Jesus: He who is without sin may cast the first stone
*guy with no legs throws rock*
Jesus: Seriously?
“You said ‘without shins,’ right?”

@sixfootcandy

CW: It’s 11:11 make a wish.

Me: I wish I could throw a clock at your face.

@EndhooS

“What’s for dinner?”
Updog & chips.
“Does updog have gluten in it?”
No..wait..you’re supposed to say…
“You know I can’t have gluten Karen”

@OhNoSheTwitnt

I wish airlines would stop calling it your “final destination” have they not seen those movies?

@david8hughes

[overhears girl at work crying because her grandad & her dad died this month]
Me: not all men are like that

@Ygrene

Know why I pulled you over?

“No sir”

1987, 7-11 on Main, you paid for Coke but filled your cup with Slurpee.
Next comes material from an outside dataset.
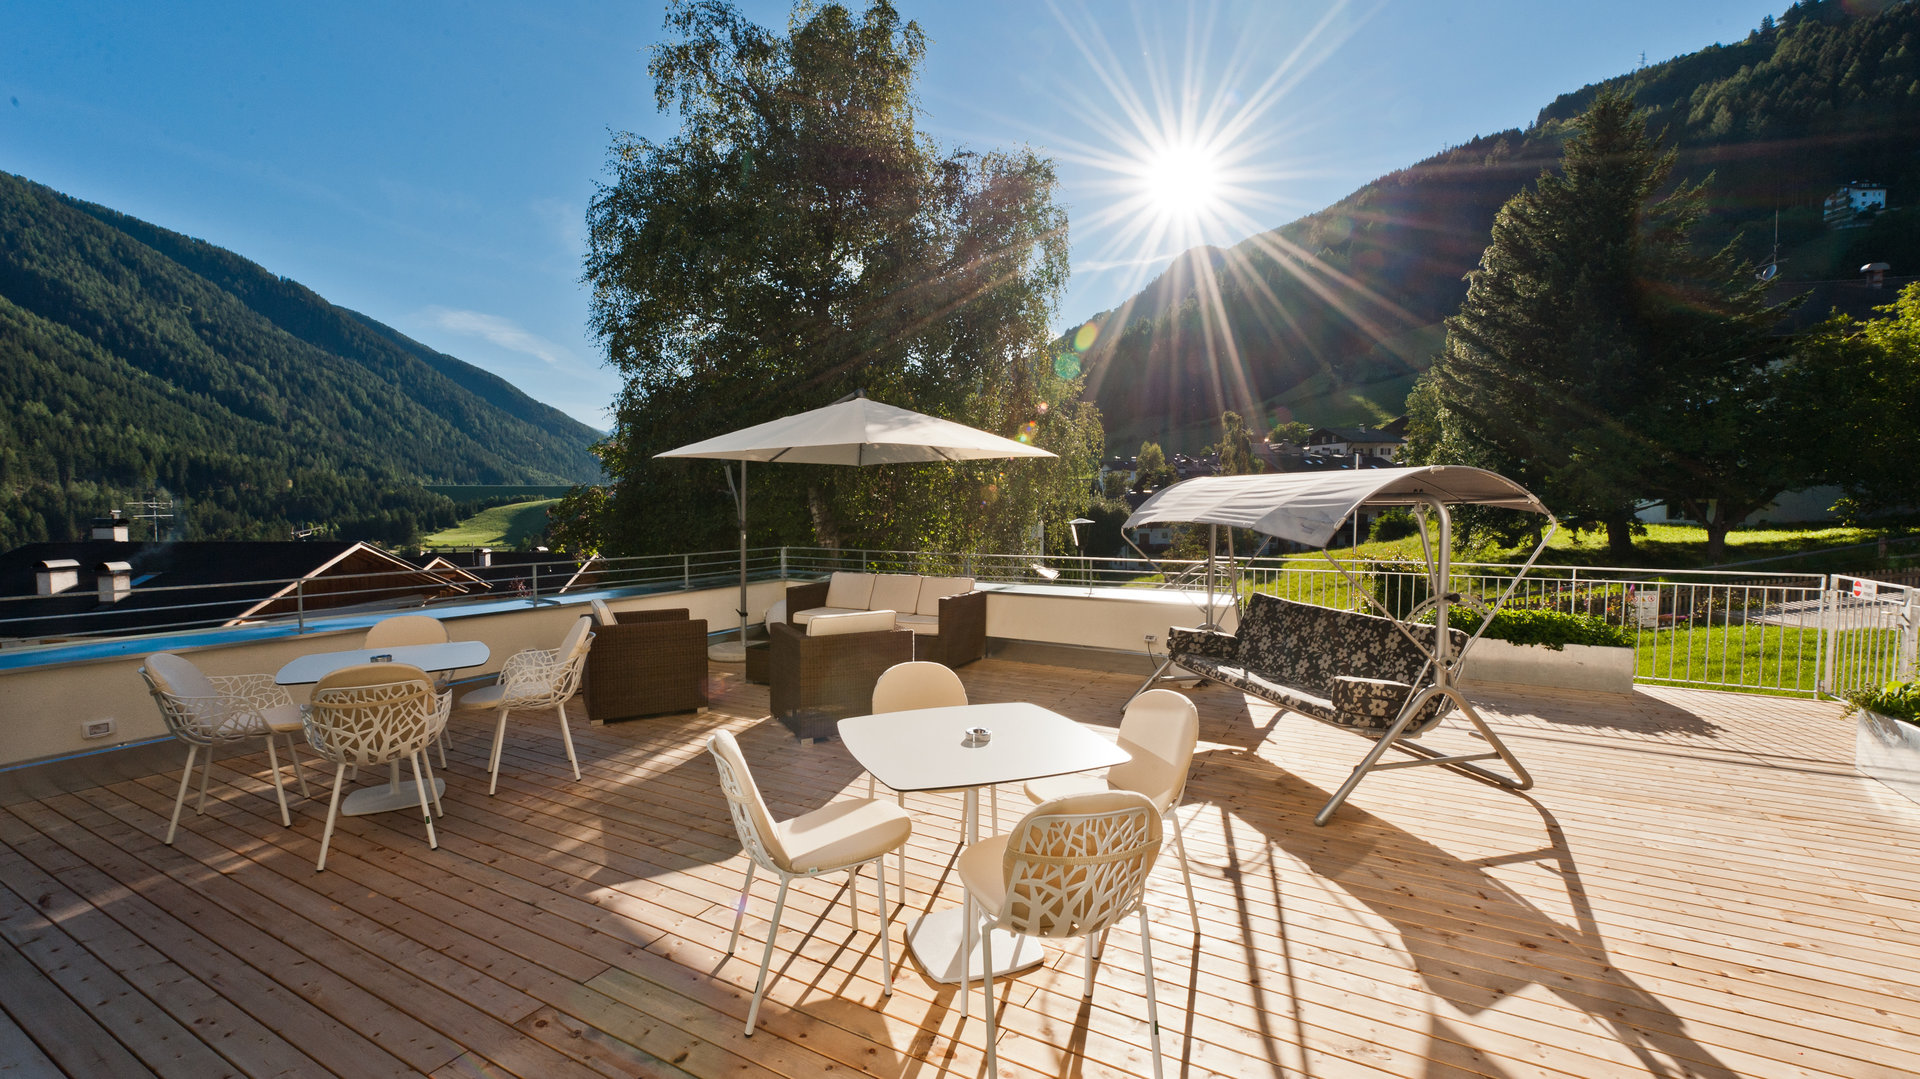 Zentral, ruhig uns sonnig gelegenes Hotel im Ultental (Südtirol) mit Sonnenterrasse, Garten, Freischwimmbad, Wellnessbereich und Blick auf die Berge.

We gotcha. We finally gotcha

@funflaps

ME: You could cut the tension with a knife

CABLE CAR OPERATOR: Please don’t

@krishna_van

“Look on the bright side – at least there’s more for us to drink with him gone” is, apparently, not something one should say at a wake.

@sixfootcandy

Librarian: Shhh!
Me: Shh!
Librarian: Shh!
Me: Shh!
Librarian: *glares at me*
Me: Look lady, I can do this all day.